In pretty much the same way, you can write functions that cycle through the parameters and produce commands for each set of parameters. Then you can run those functions with multi-run-loop. Scripts can do the same thing, but with multi-run you will have more information if something goes wrong. You can also combine running performance tests with processing data in emacs-lisp and plotting the results.

Miscellaneous

I created some unconventional (sometimes amusing, somewhat creative) examples of using multi-run. These are most likely not going to be relevant to you. You can find them here.




New Features

Below is a list of new features that will be released in v2. They are available in master.

Opening Remote Files

multi-run can open remote files using Emacs’ TRAMP. The hostnames are taken from multi-run-hostnames-list using indices from multi-run-terminals-list.

(defun multi-run-find-remote-files (file-path &optional window-batch)
  "Open file specified by FILE-PATH for all terminals and display them on the screen
  with WINDOW-BATCH number of them in one single vertical slot.")

(defun multi-run-find-remote-files-sudo (file-path &optional window-batch non-root)
  "Open file specified by FILE-PATH for all terminals and display them on the screen
  with WINDOW-BATCH number of them in one single vertical slot.
  Open with sudo if NON-ROOT is false.")

For example, running (setq multi-run-terminals-list (list 1 3)) followed by multi-run-find-remote-files .ssh/config will open the .ssh/config file on the first and third machines listed in multi-run-hostnames-list. The following video shows this in action:

multi-find

Please note that editing these files simultaneously is outside the scope of multi-run. Emacs macros or multiple-cursors-mode can help with that.




Conclusion

Development of multi-run has been guided by my use cases. I hope you like the package. If you have ideas on how to improve it, send me an email at srj57@cornell.edu.

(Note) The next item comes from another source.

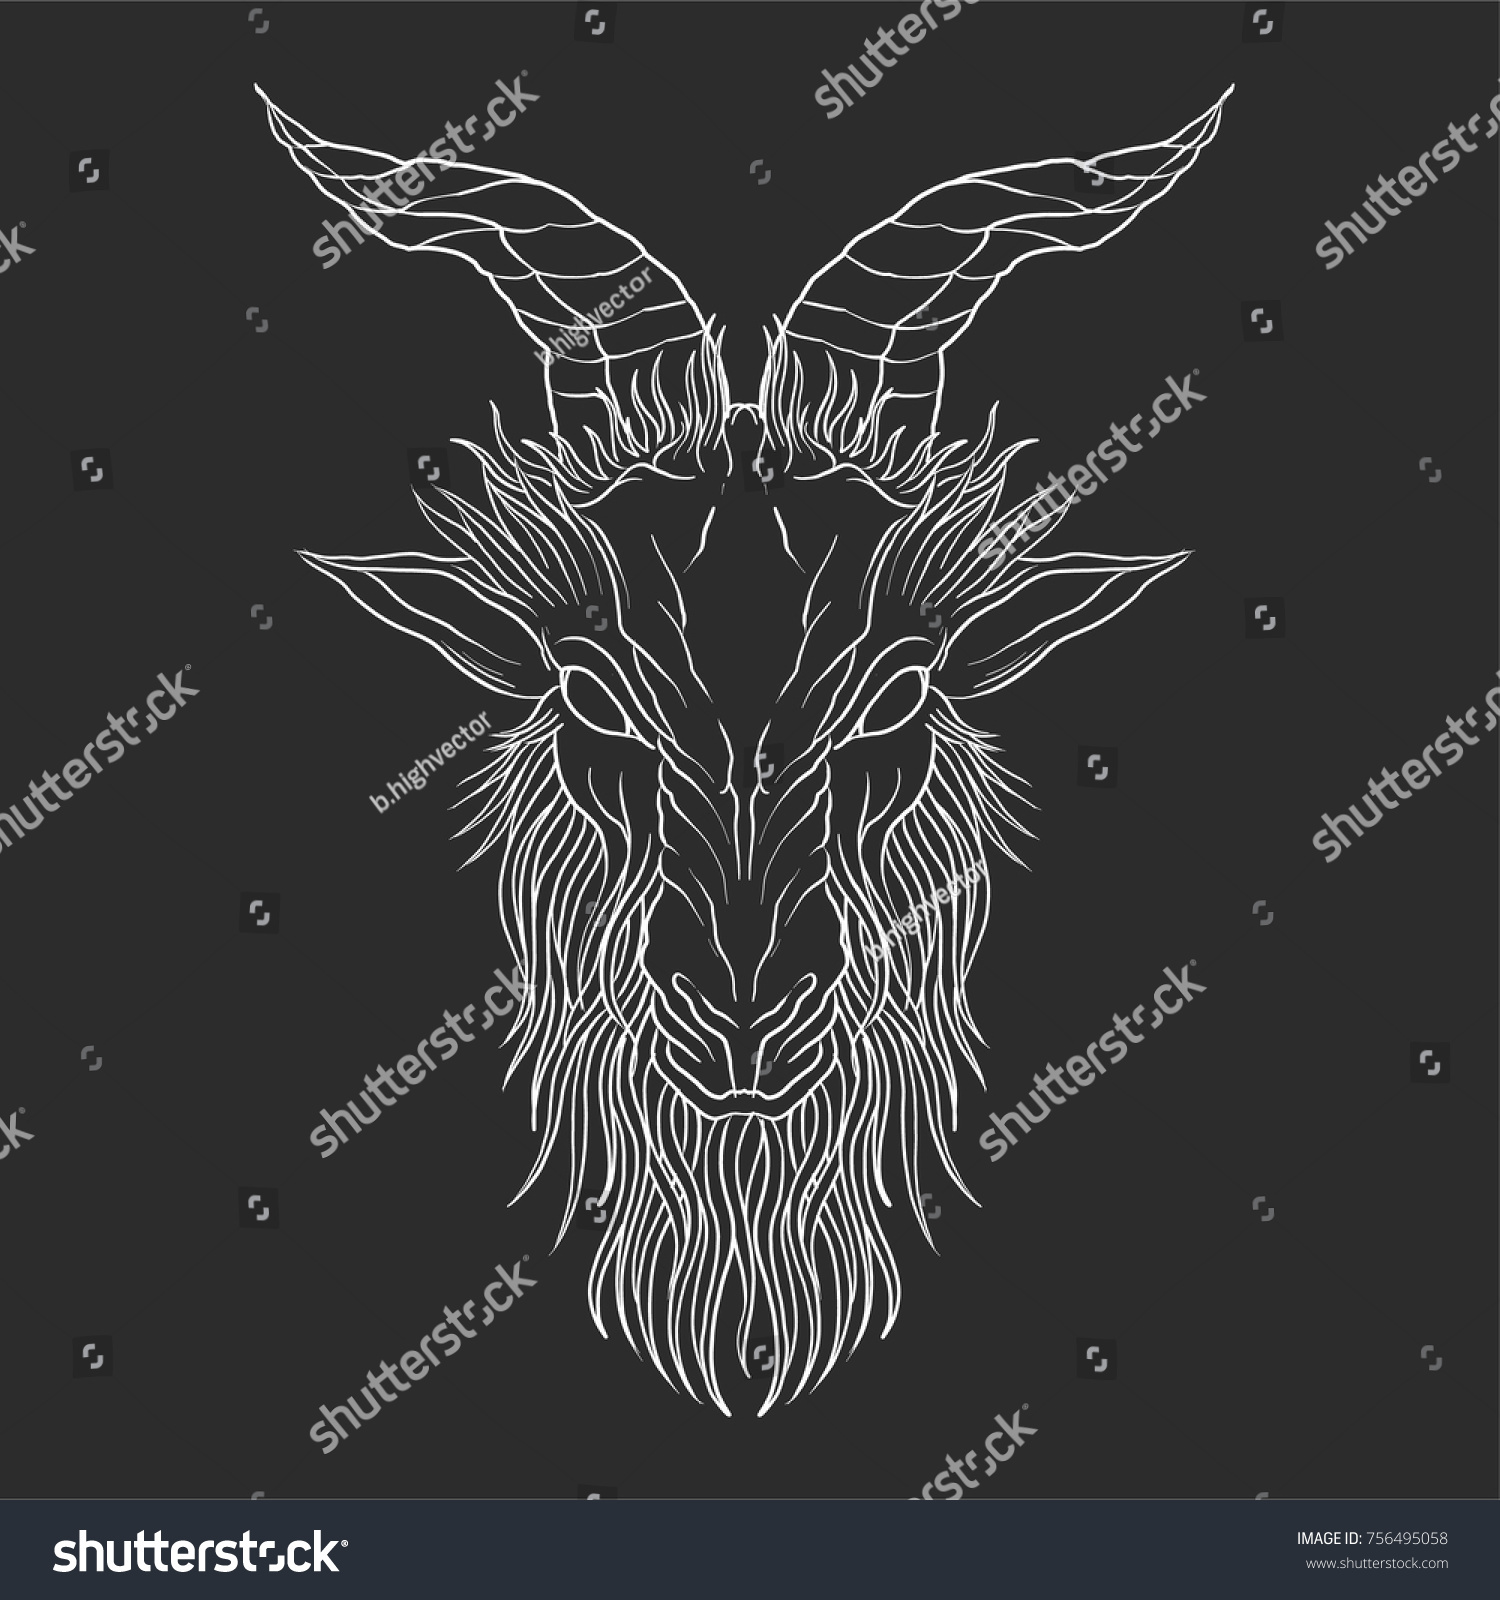 Home Decor Tapestry Wall Hanging Pentagram With Demon Baphomet Satanic Goat Head With Third Eye Binary Satanic Symbol Vector 533043418 for Bedroom Living Room Dorm

I wrote the first draft back in April 2016 with just one function multi-run. I added the delay commands in April 2017. I created the videos and applied for adding the package to MELPA in December 2017. The package was added to MELPA in January 2018 after some code cleaning/refactoring (thanks to Steve Purcell from MELPA). I released v1 right after in January. I wrote this blog and added the videos to YouTube during April and May 2018. You can find the full playlist of multi-run videos here. After having used Emacs for more than 6 years, I am pleased to have contributed something back to it.

Some people have argued against using emacs shells, specially eshell, for some justifiable reasons. eshell is not very well documented and many of its features can be improved. Hopefully, this article makes a case for using eshell by showing how easily it integrates with Emacs. multi-run is just 245 lines of emacs-lisp including comments and newlines.

If you use Emacs for basic editing (and/or for writing code, latex, emails etc.), you should consider switching to using terminals inside Emacs. I believe this will integrate better with your workflow, specially if you mix writing code and running shell commands.